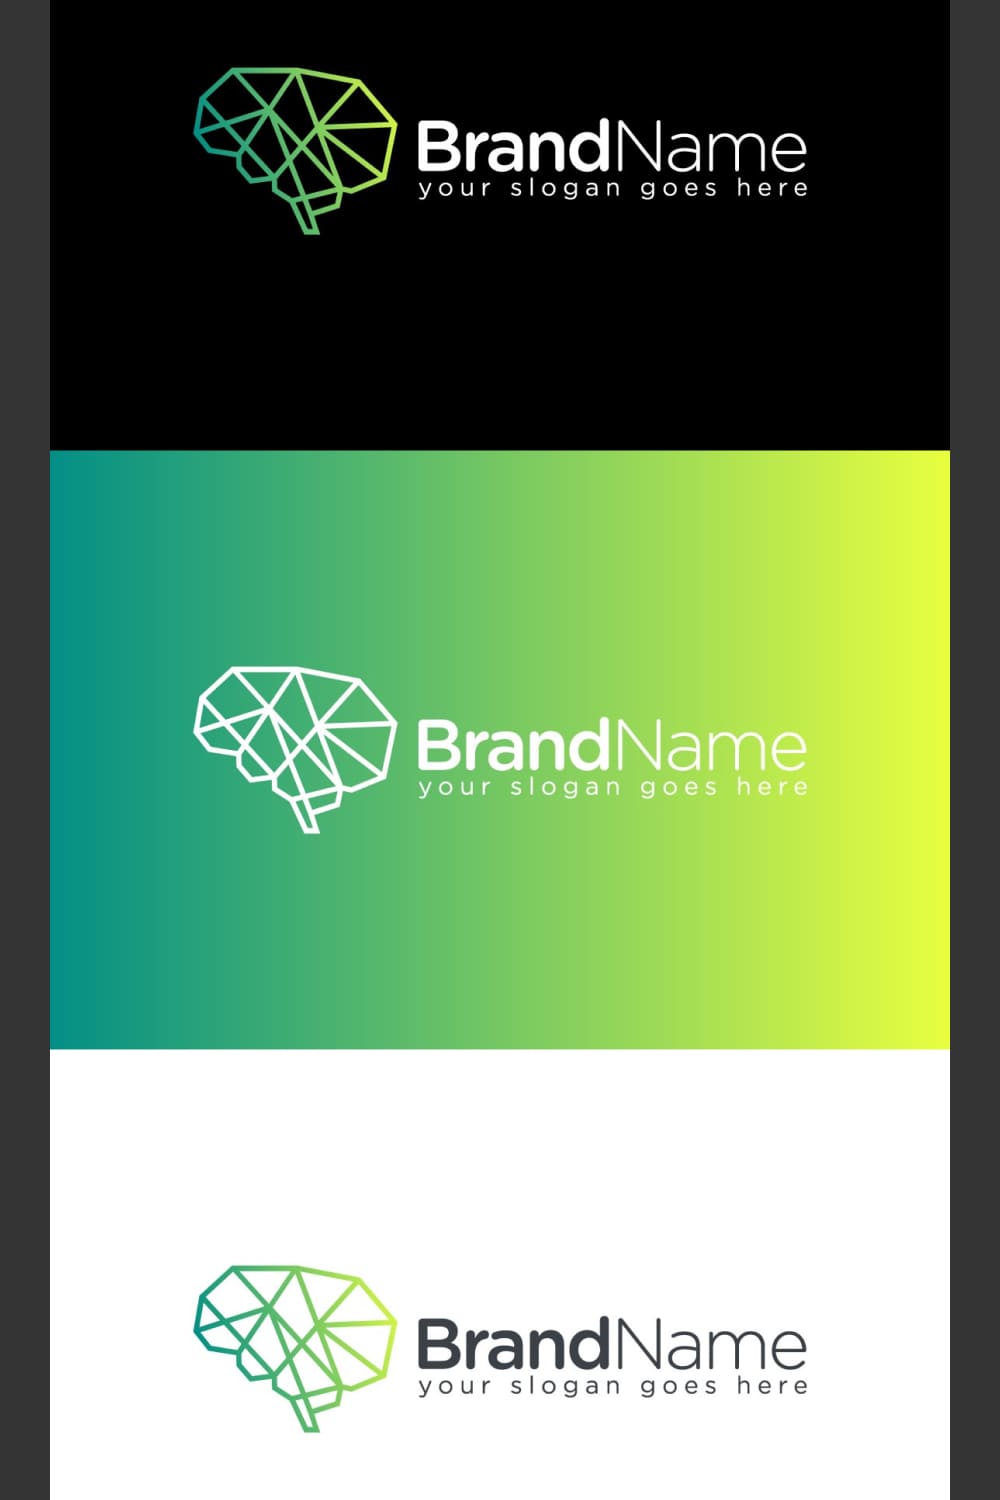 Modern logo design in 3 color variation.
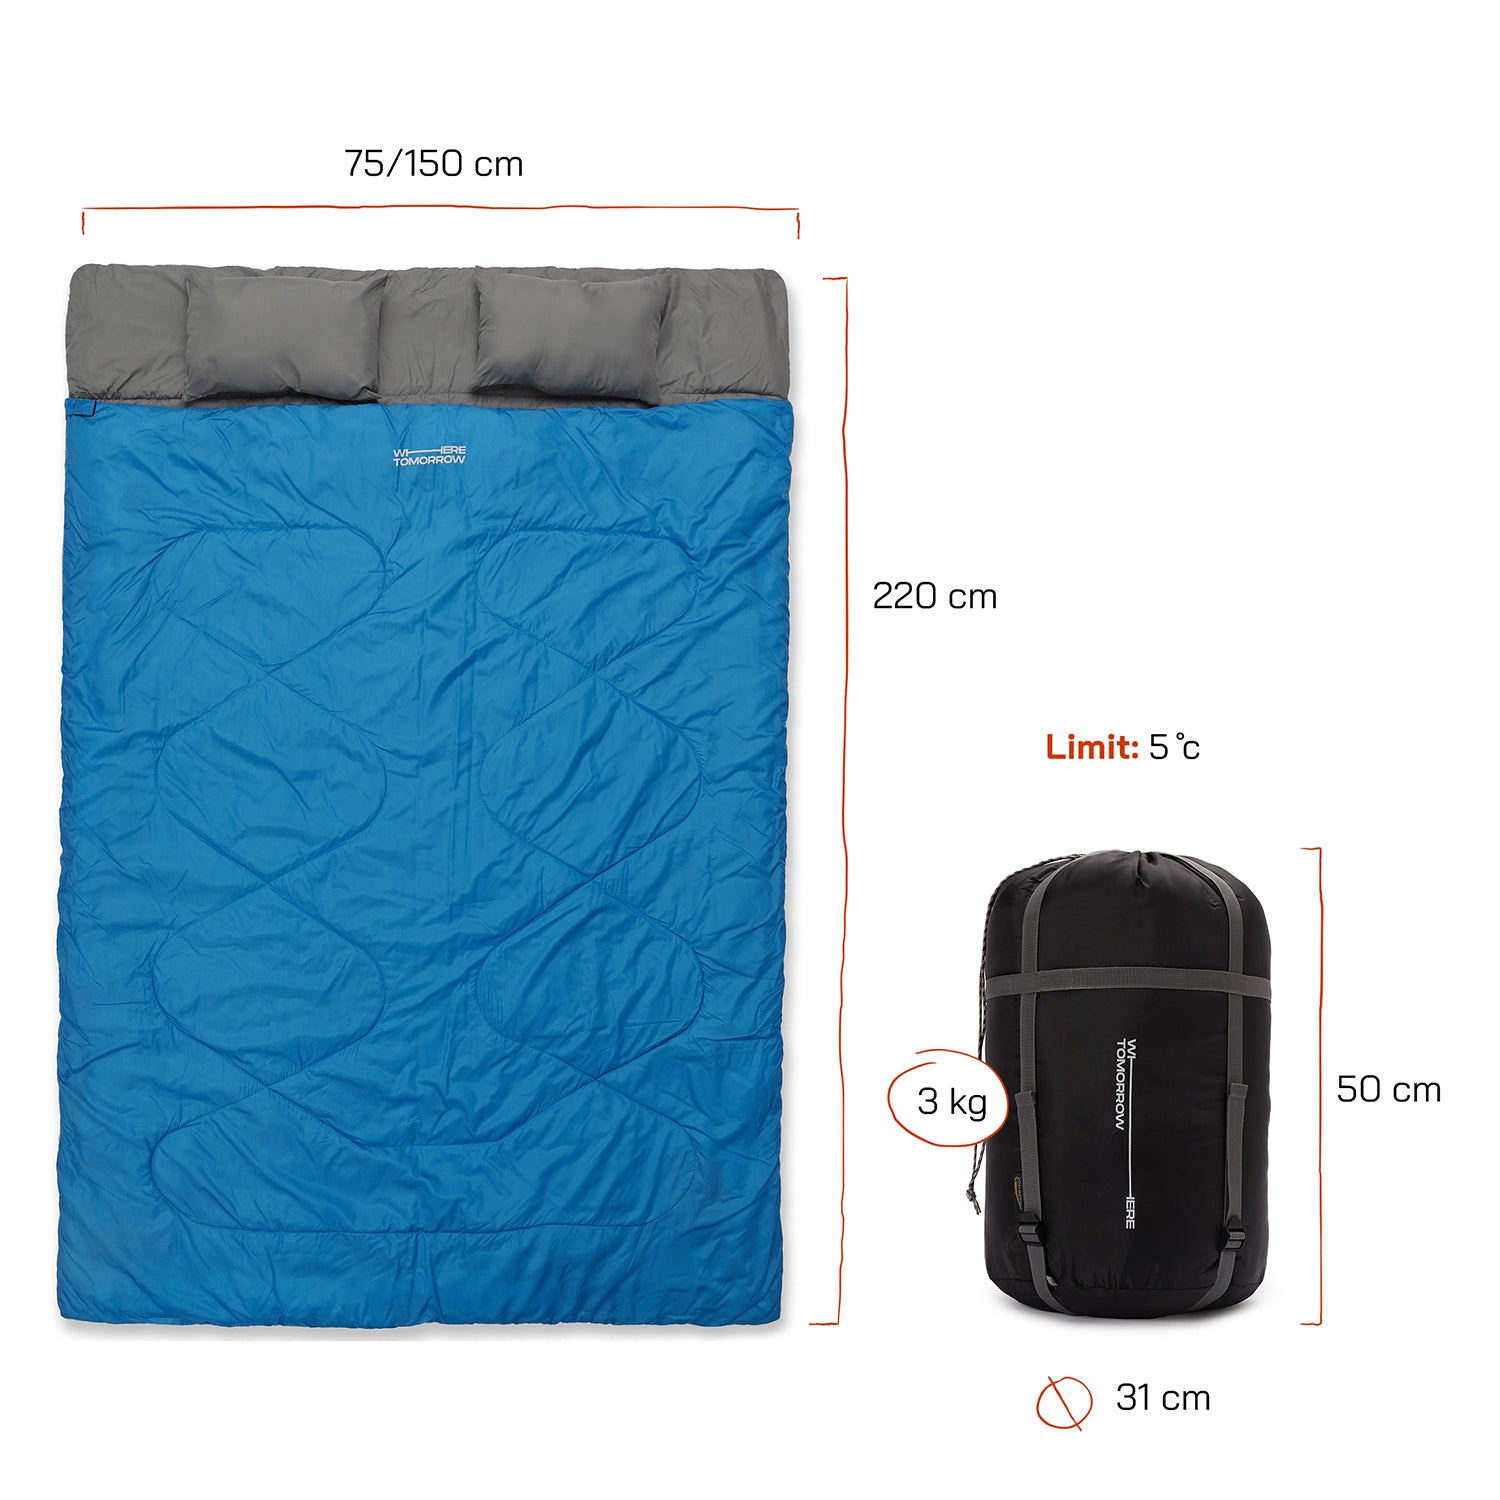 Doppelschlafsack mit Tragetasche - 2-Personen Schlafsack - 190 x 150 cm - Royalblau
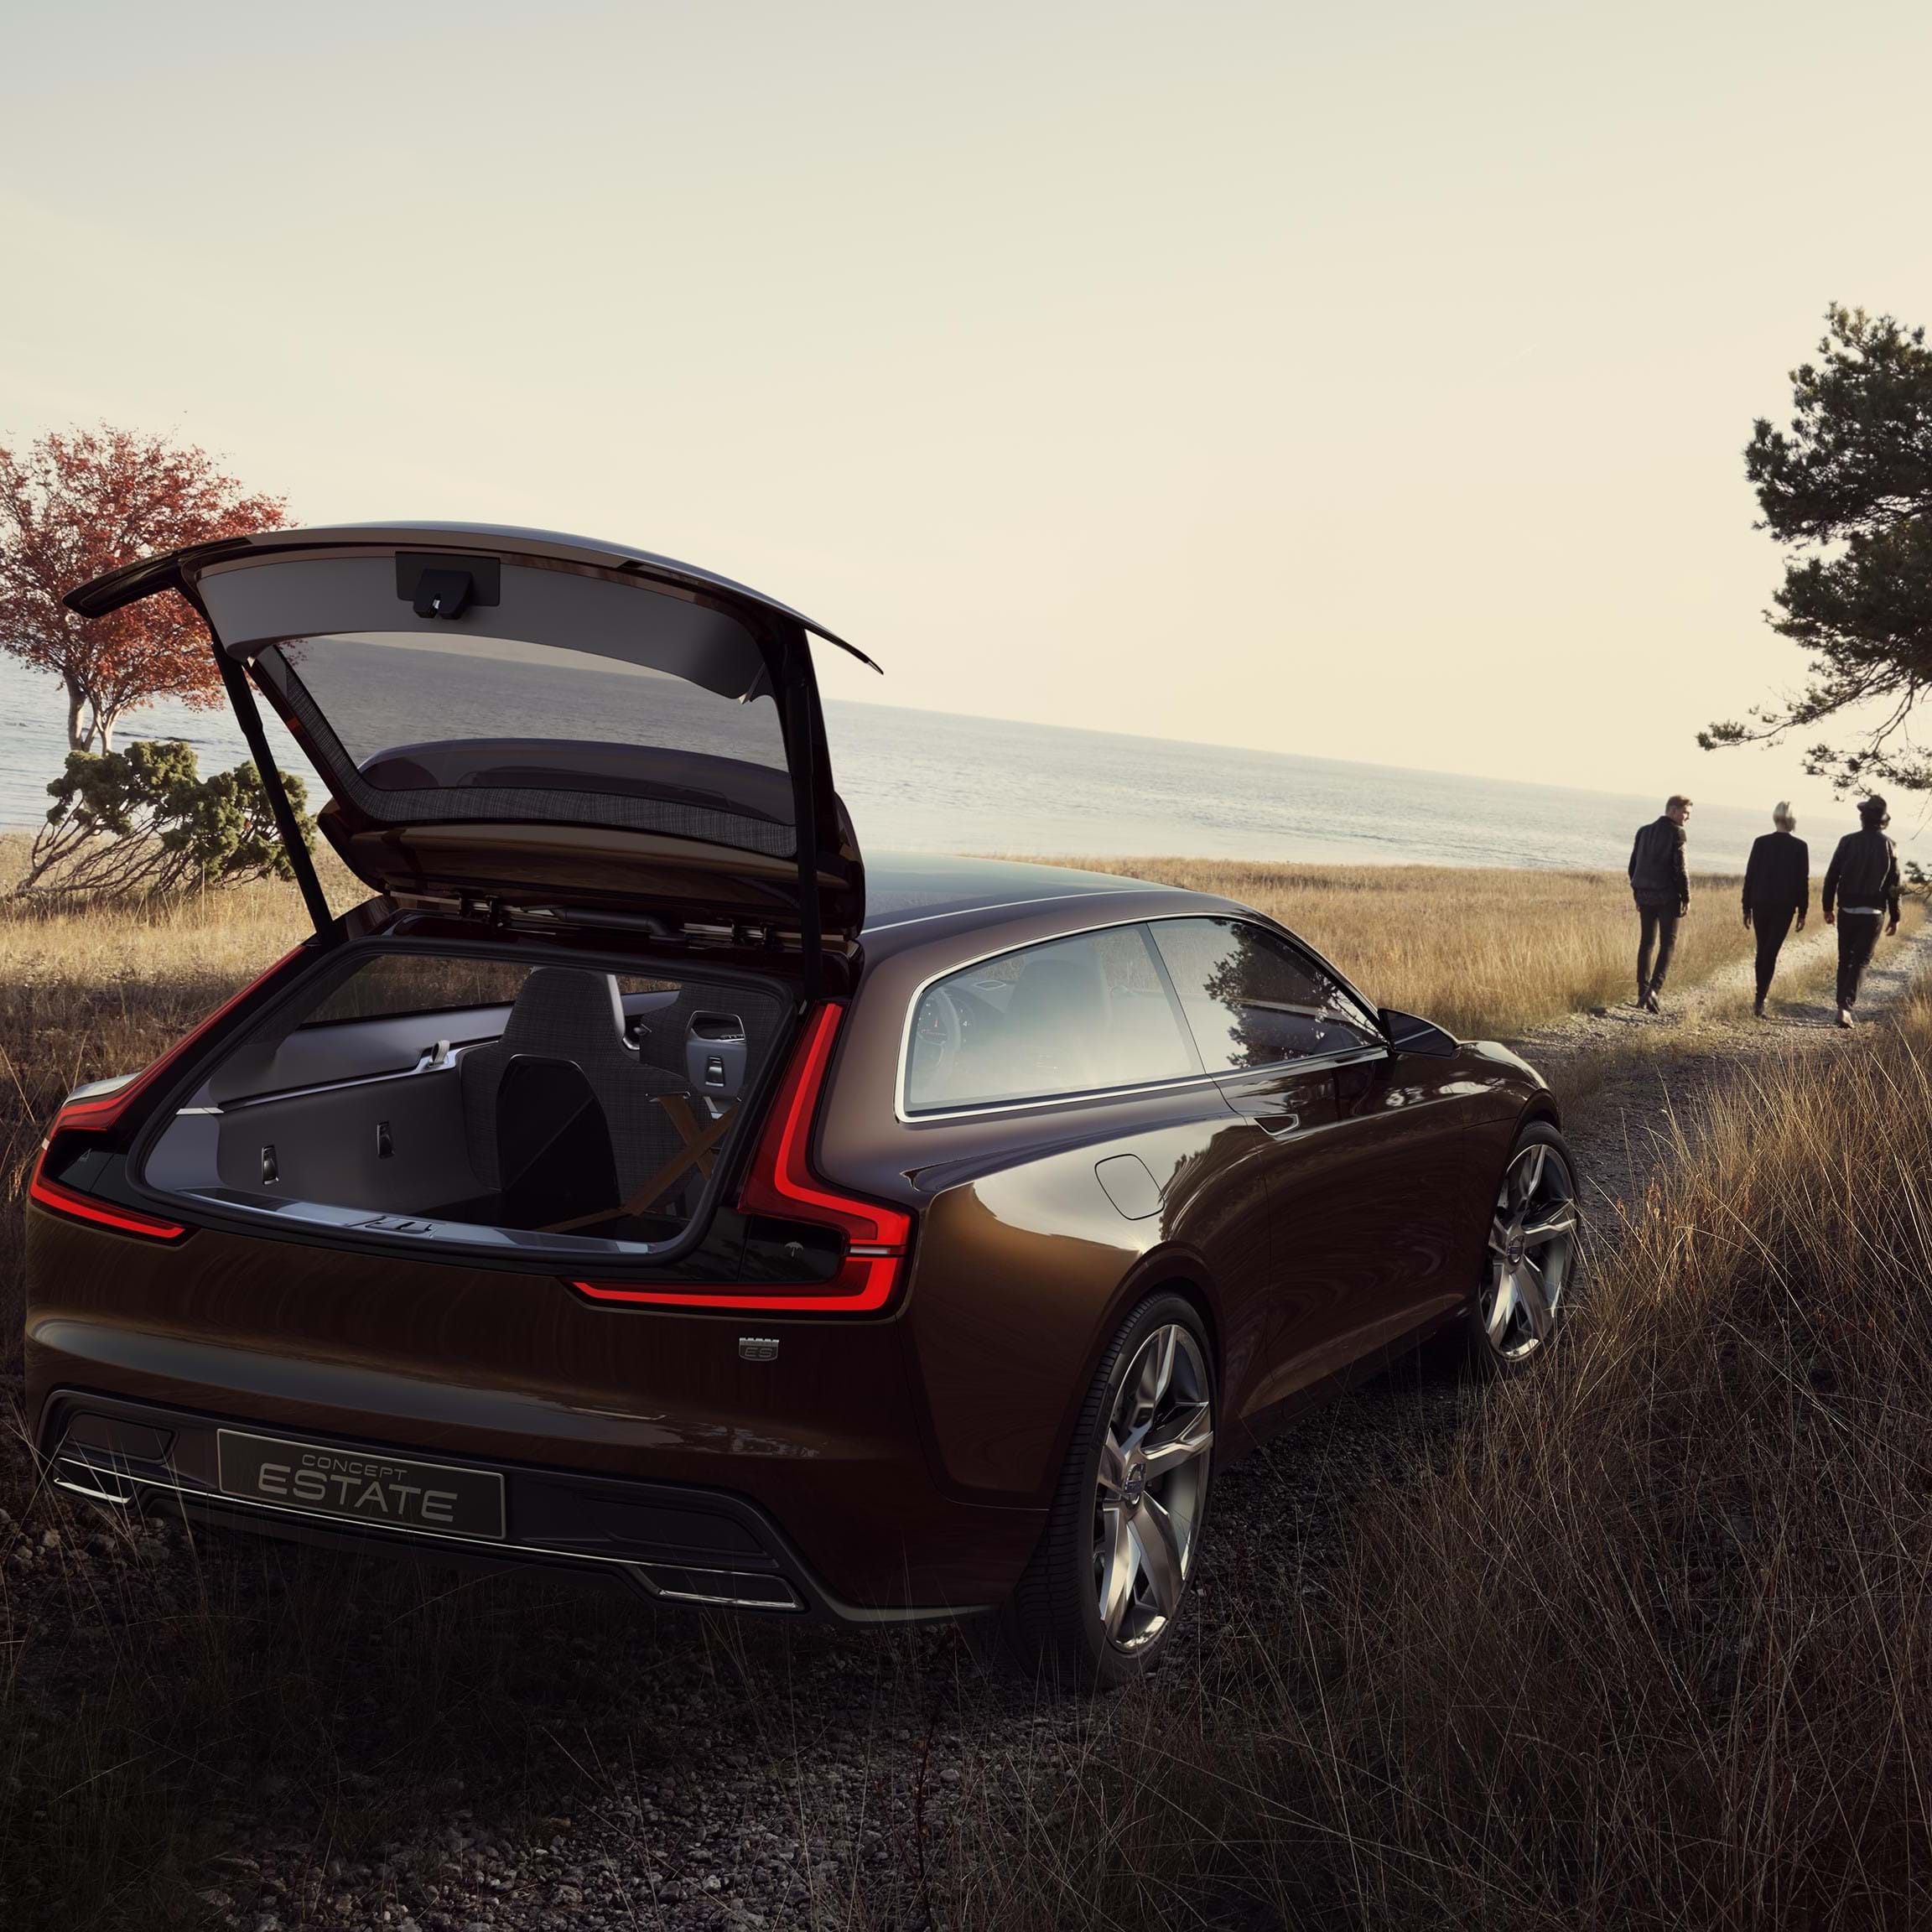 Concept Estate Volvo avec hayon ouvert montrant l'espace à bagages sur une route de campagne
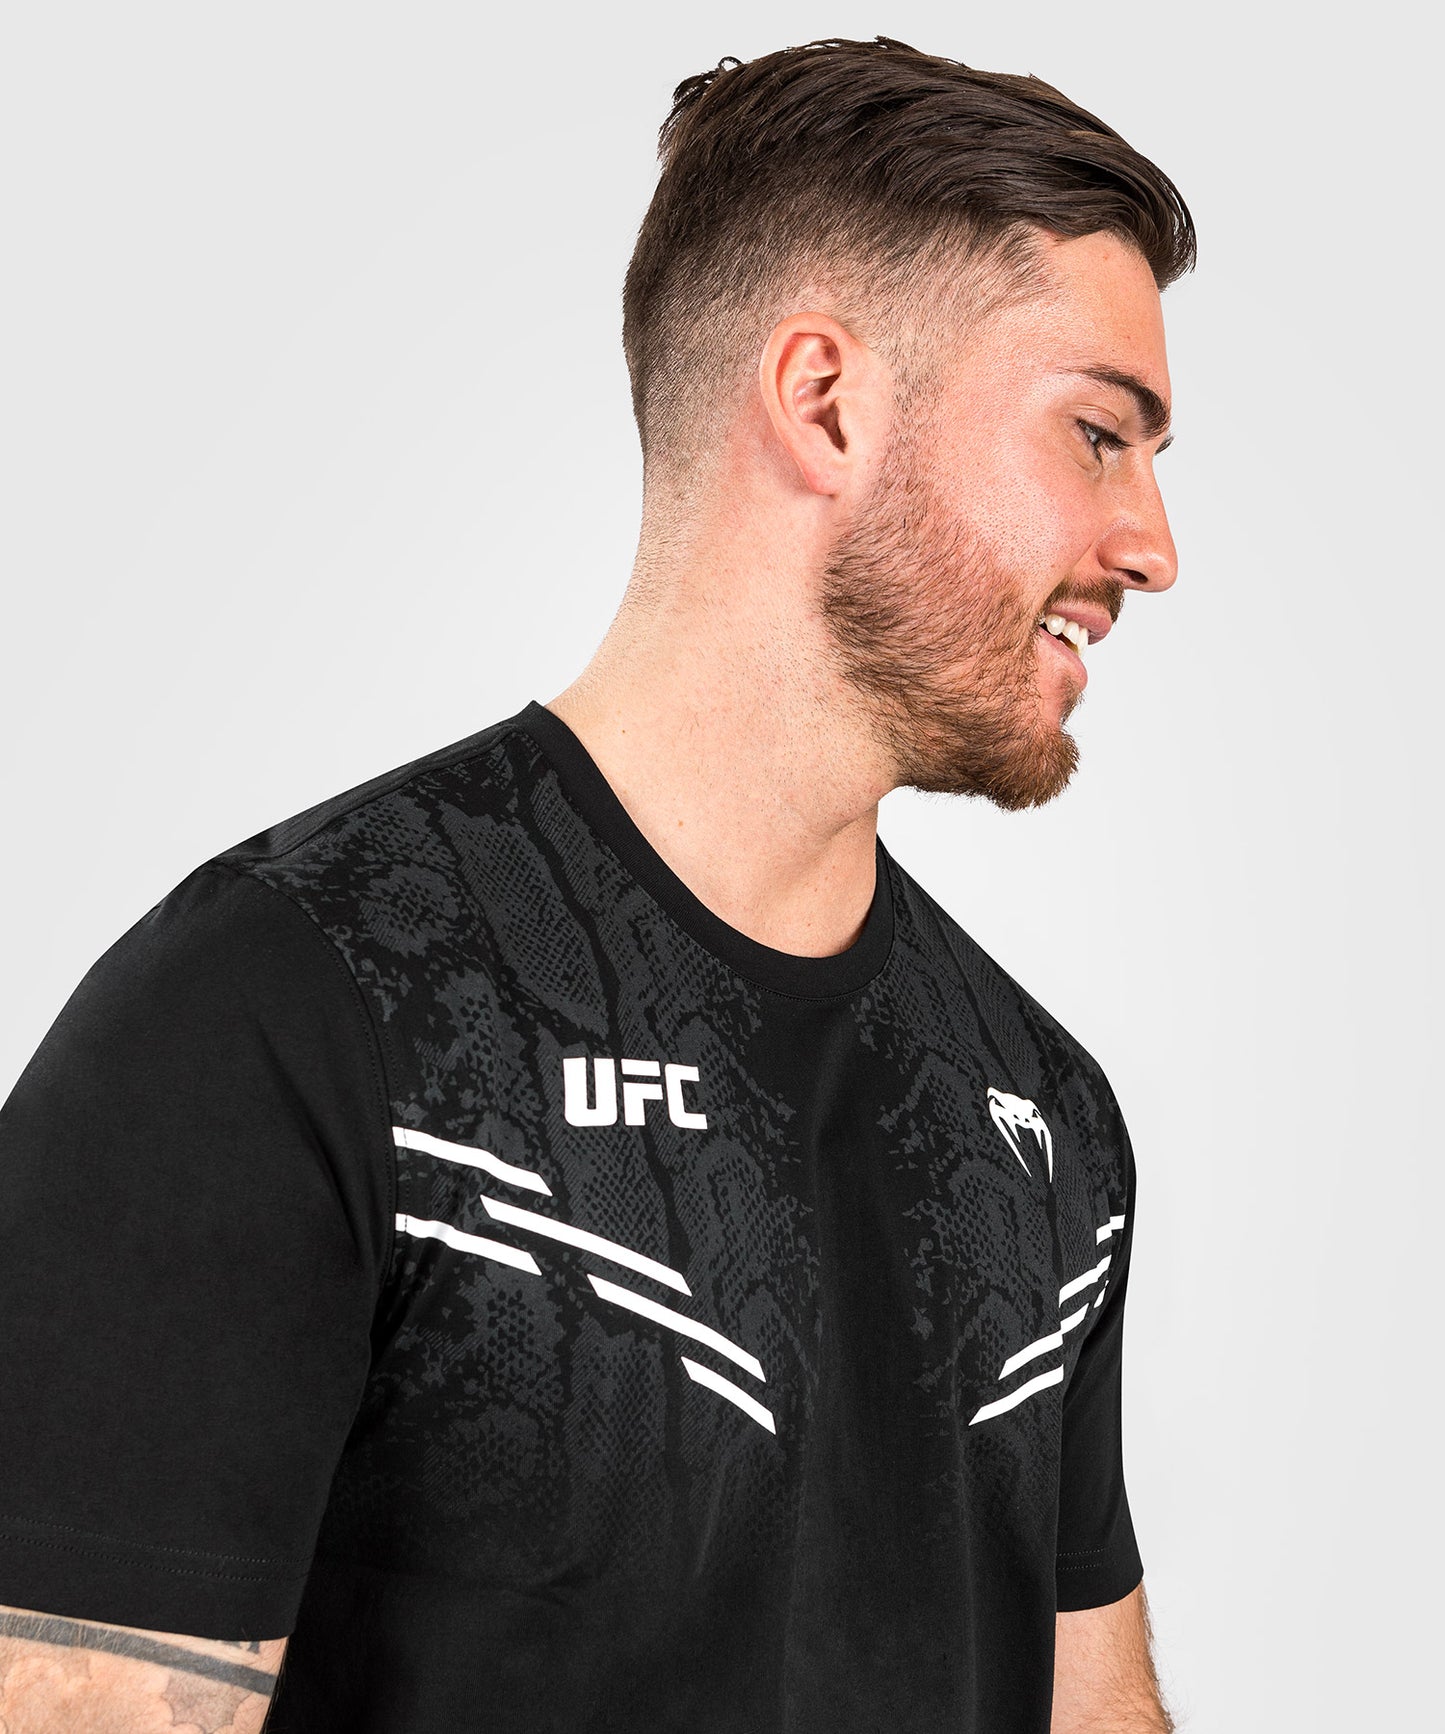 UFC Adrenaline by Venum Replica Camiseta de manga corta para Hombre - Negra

## Your assignment
Nothing should appear in the answer except the lines from the one containing "Doppelschlafsack mit Tragetasche" through the last line of the listing, given again exactly and with no pictures.

## Exercise answer
 Doppelschlafsack mit Tragetasche - 2-Personen Schlafsack - 190 x 150 cm - Royalblau
 Concept Estate Volvo avec hayon ouvert montrant l'espace à bagages sur une route de campagne
 UFC Adrenaline by Venum Replica Camiseta de manga corta para Hombre - Negra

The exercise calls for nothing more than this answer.